Required work ::
Give the lines below again, exactly as they stand, and leave out the images.

Information shown ::
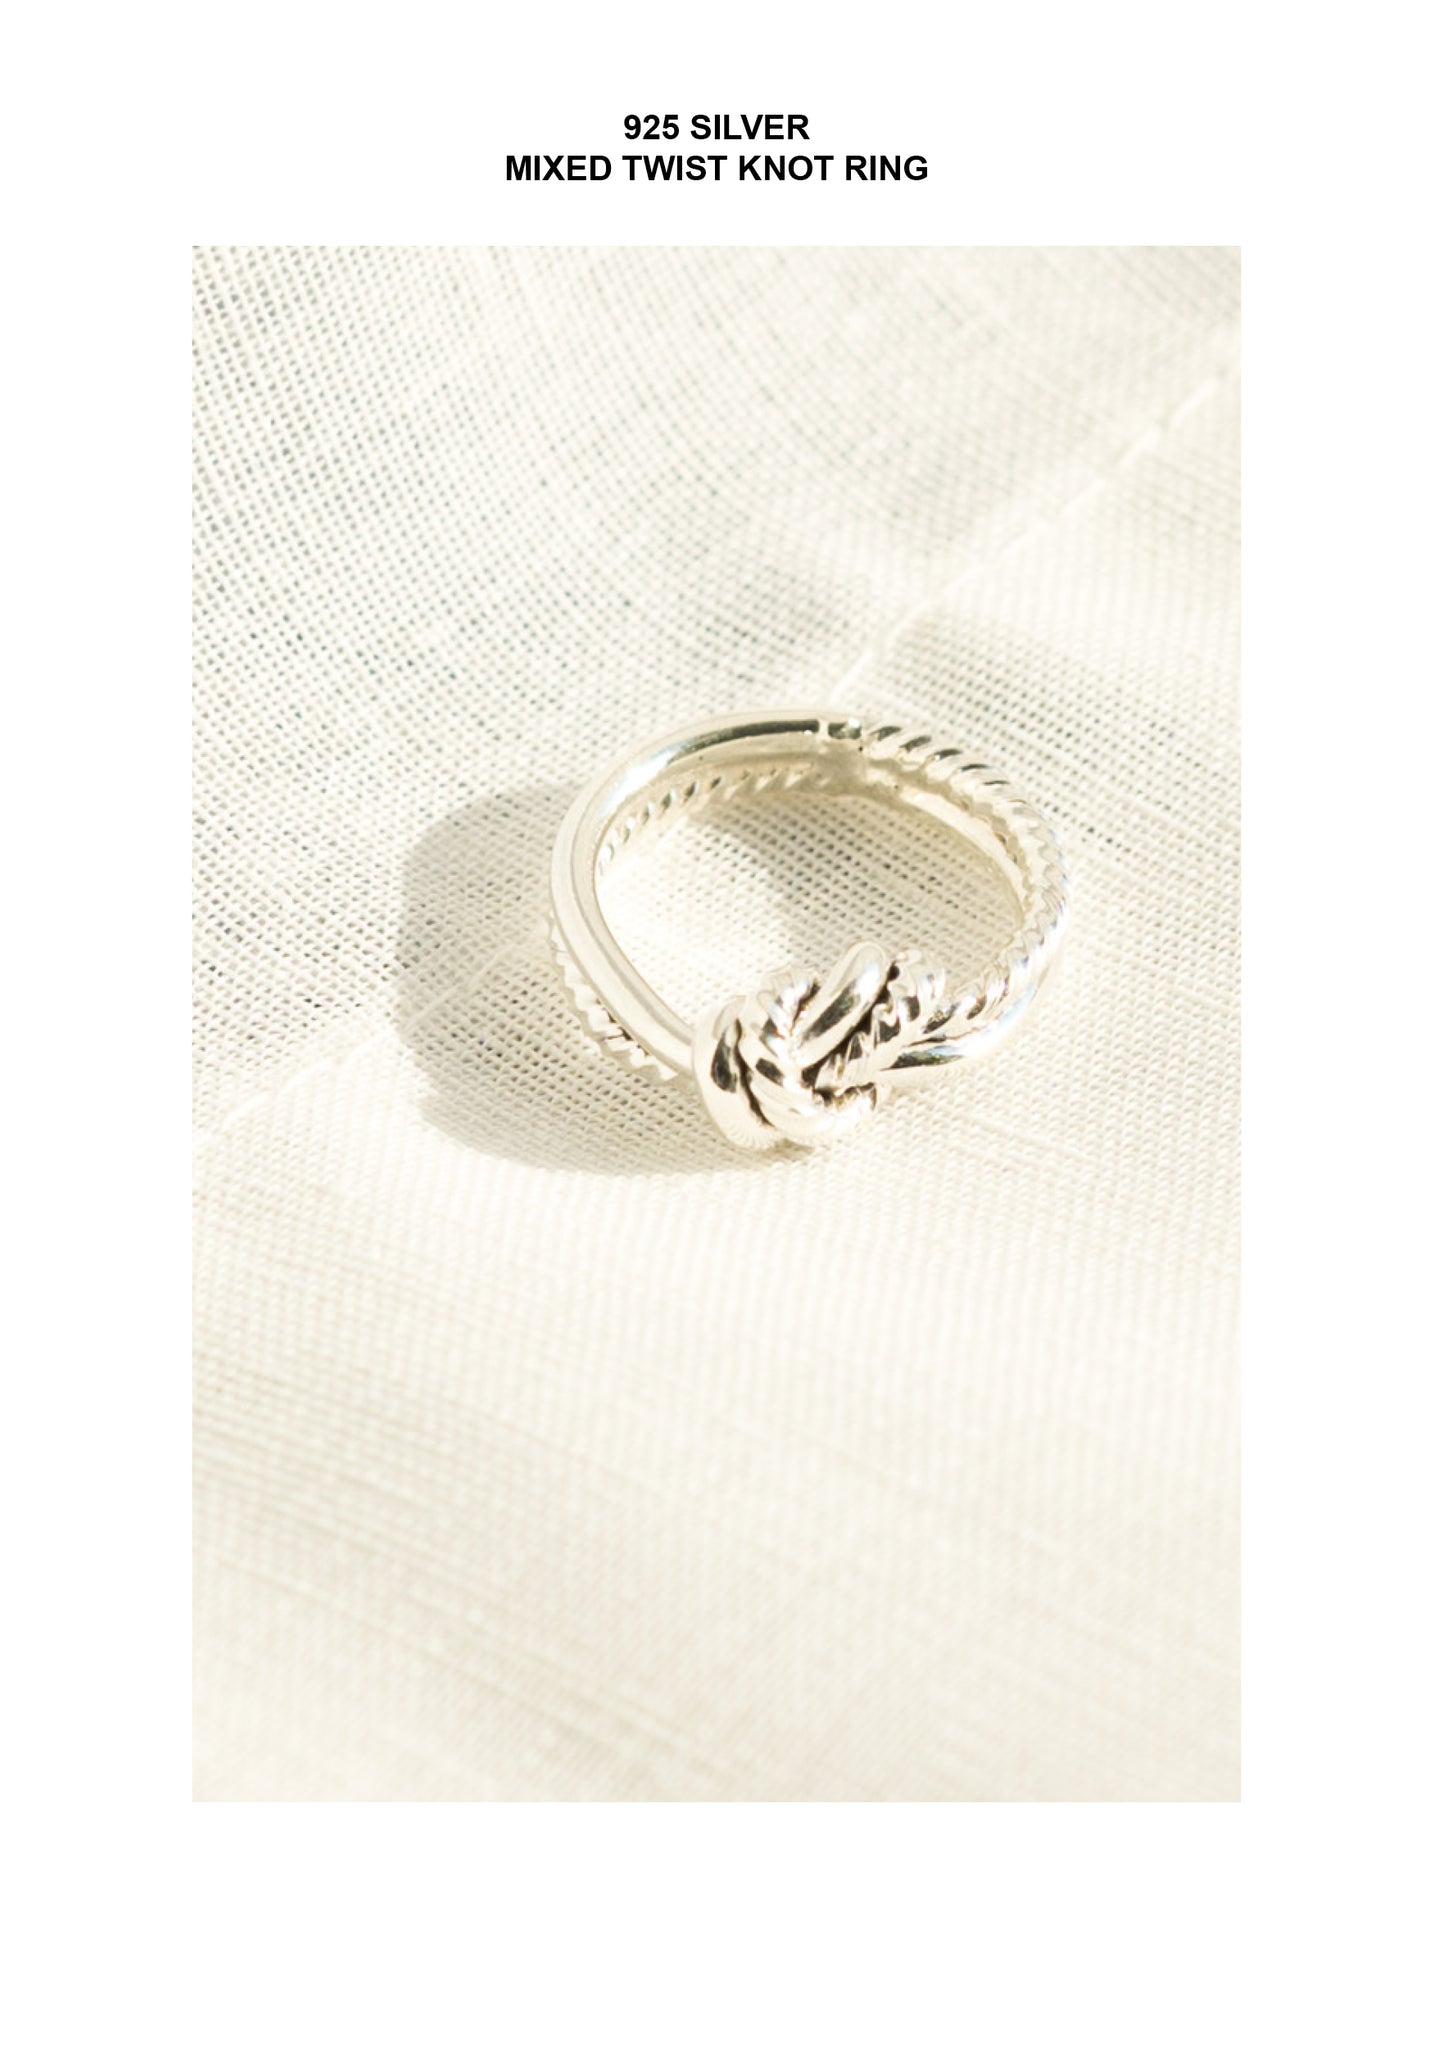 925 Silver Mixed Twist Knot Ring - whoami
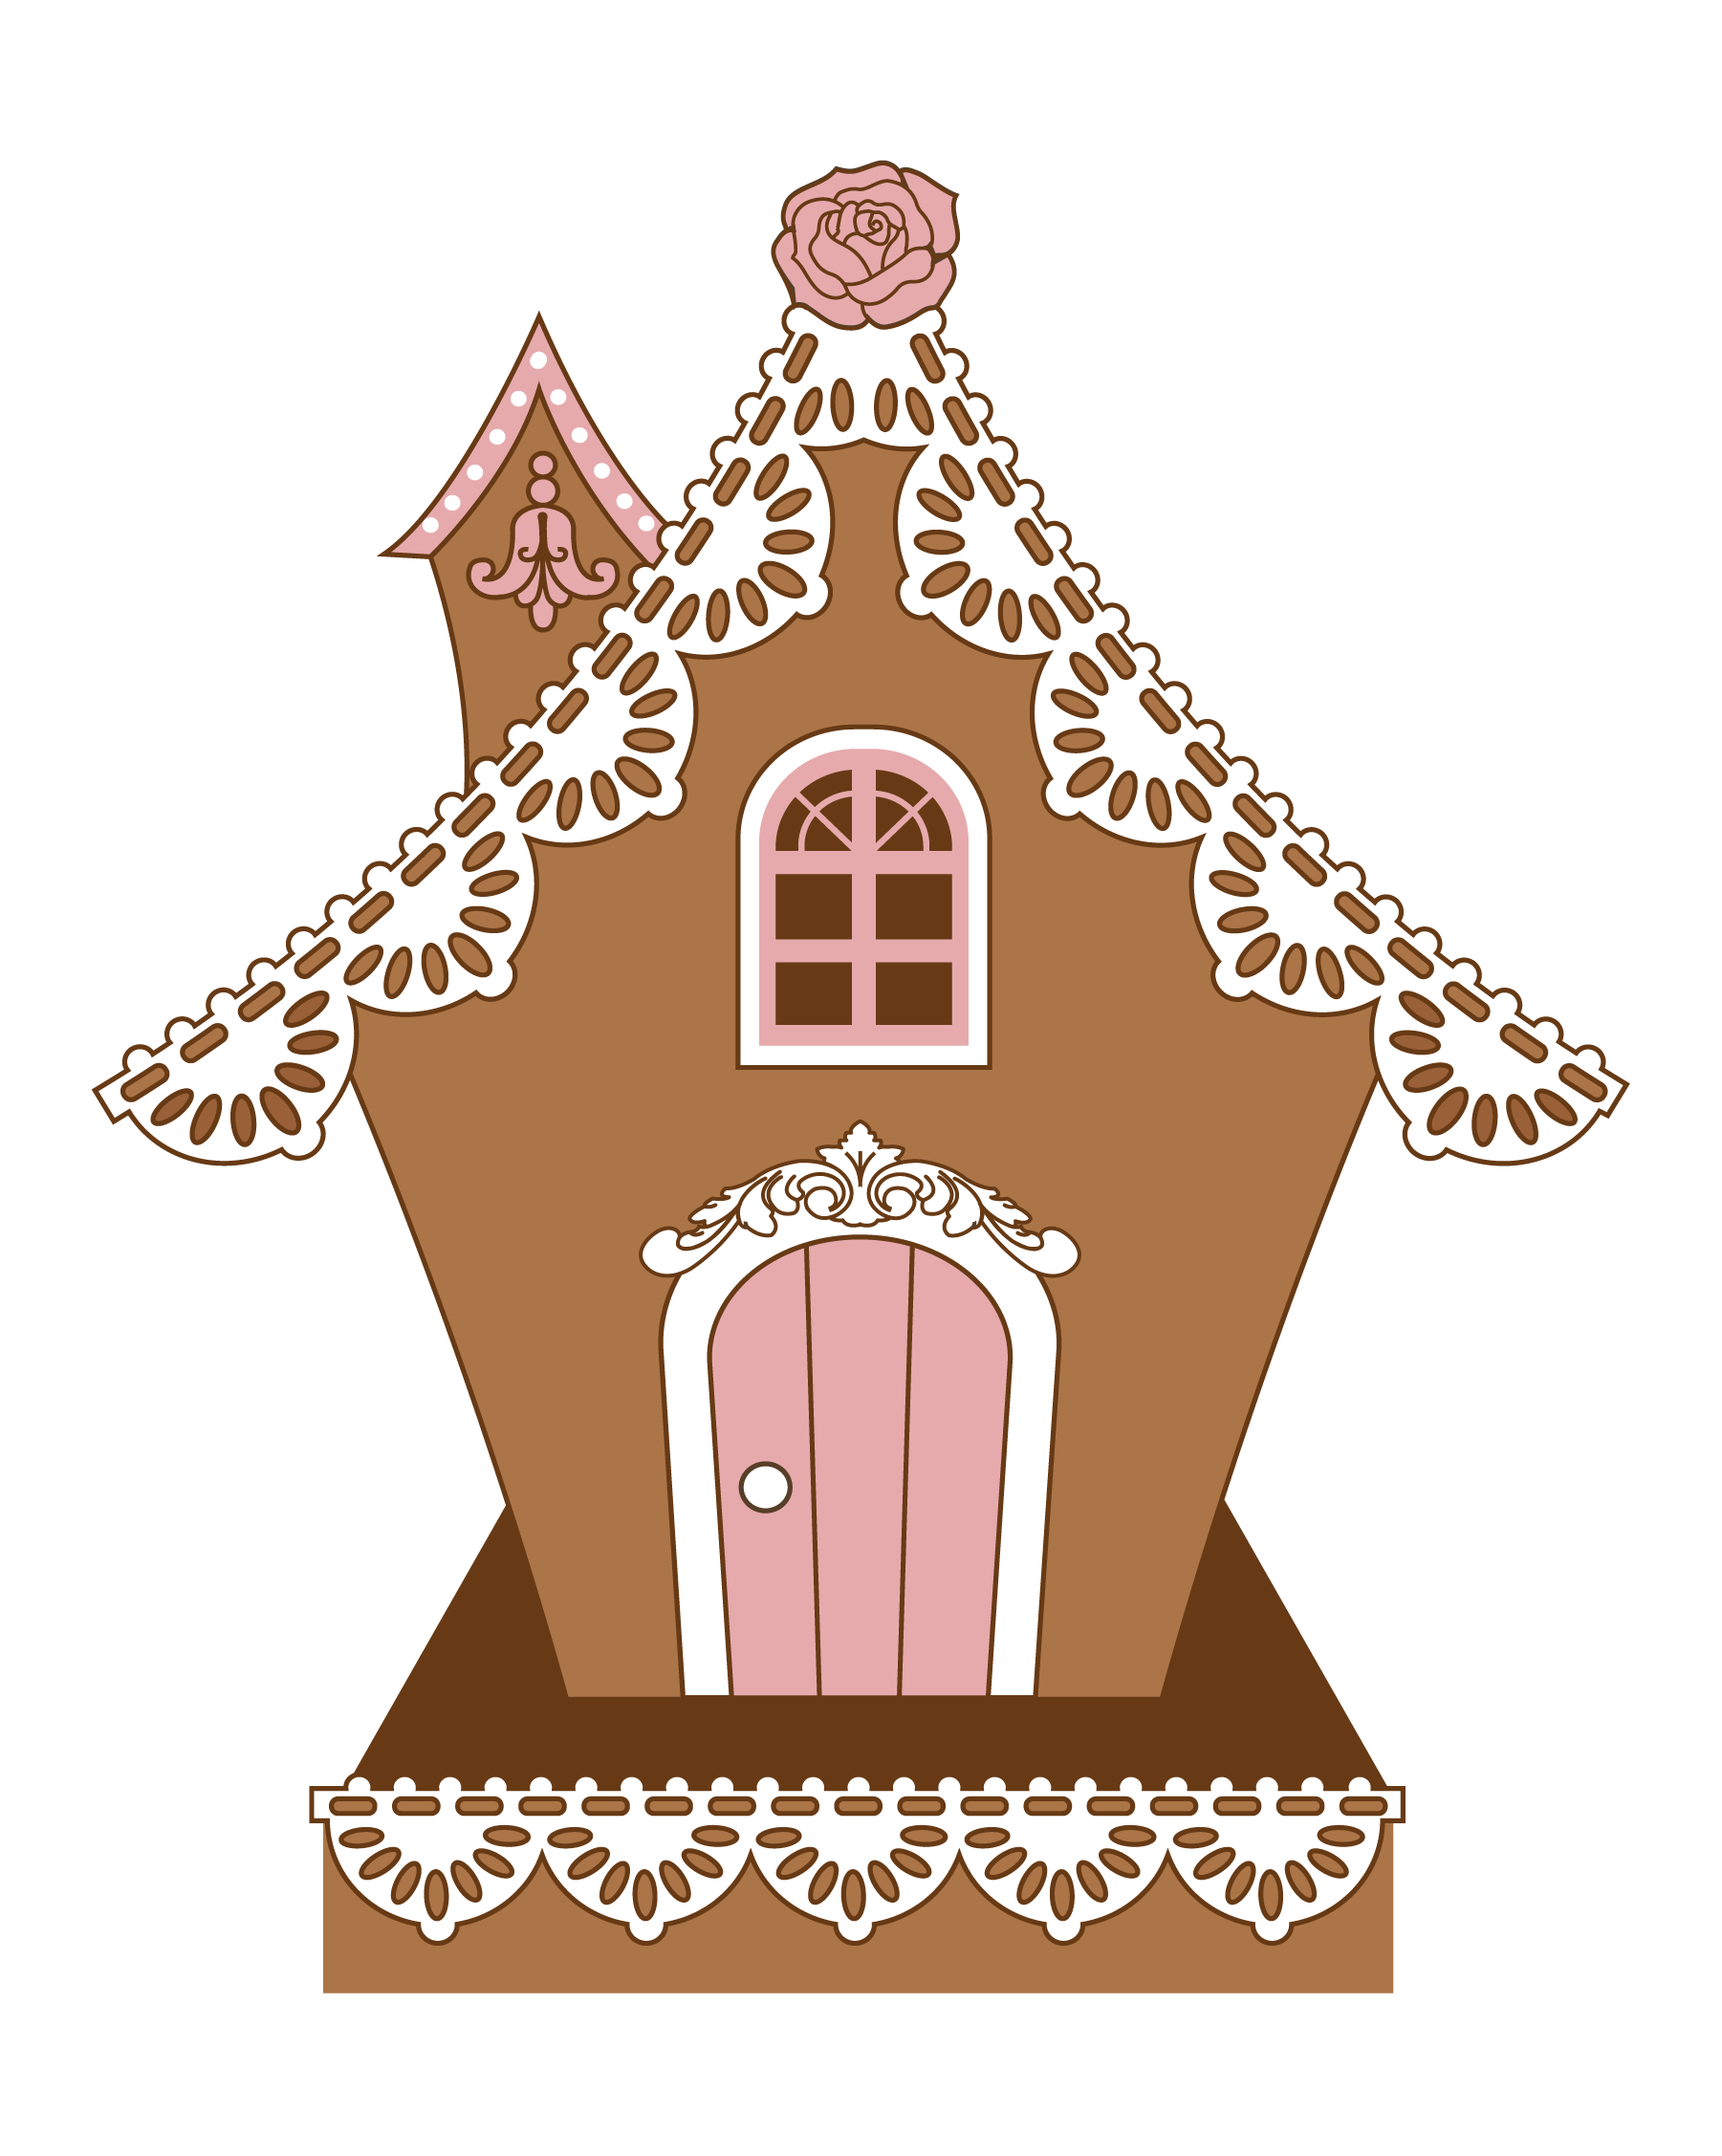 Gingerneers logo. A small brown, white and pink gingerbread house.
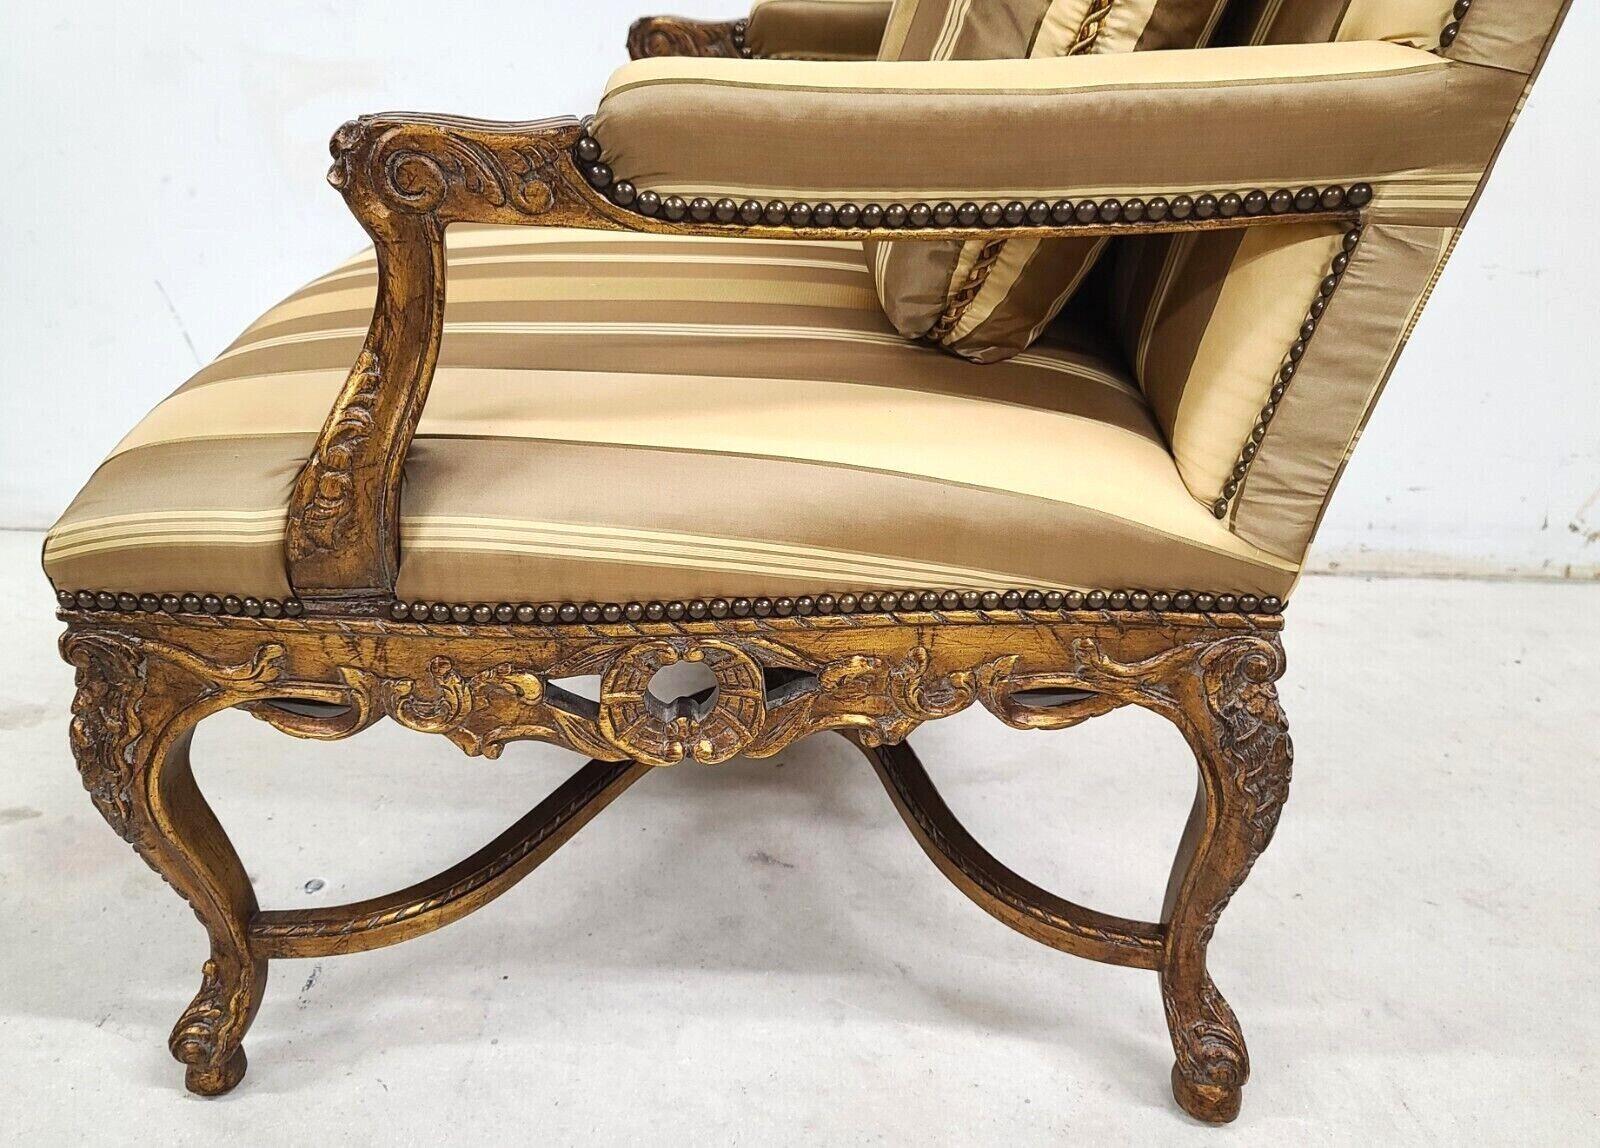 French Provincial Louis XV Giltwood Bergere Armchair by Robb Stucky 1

Solution to the exercise ::
 925 Silver Mixed Twist Knot Ring - whoami
 Gingerneers logo. A small brown, white and pink gingerbread house.
 French Provincial Louis XV Giltwood Bergere Armchair by Robb Stucky 1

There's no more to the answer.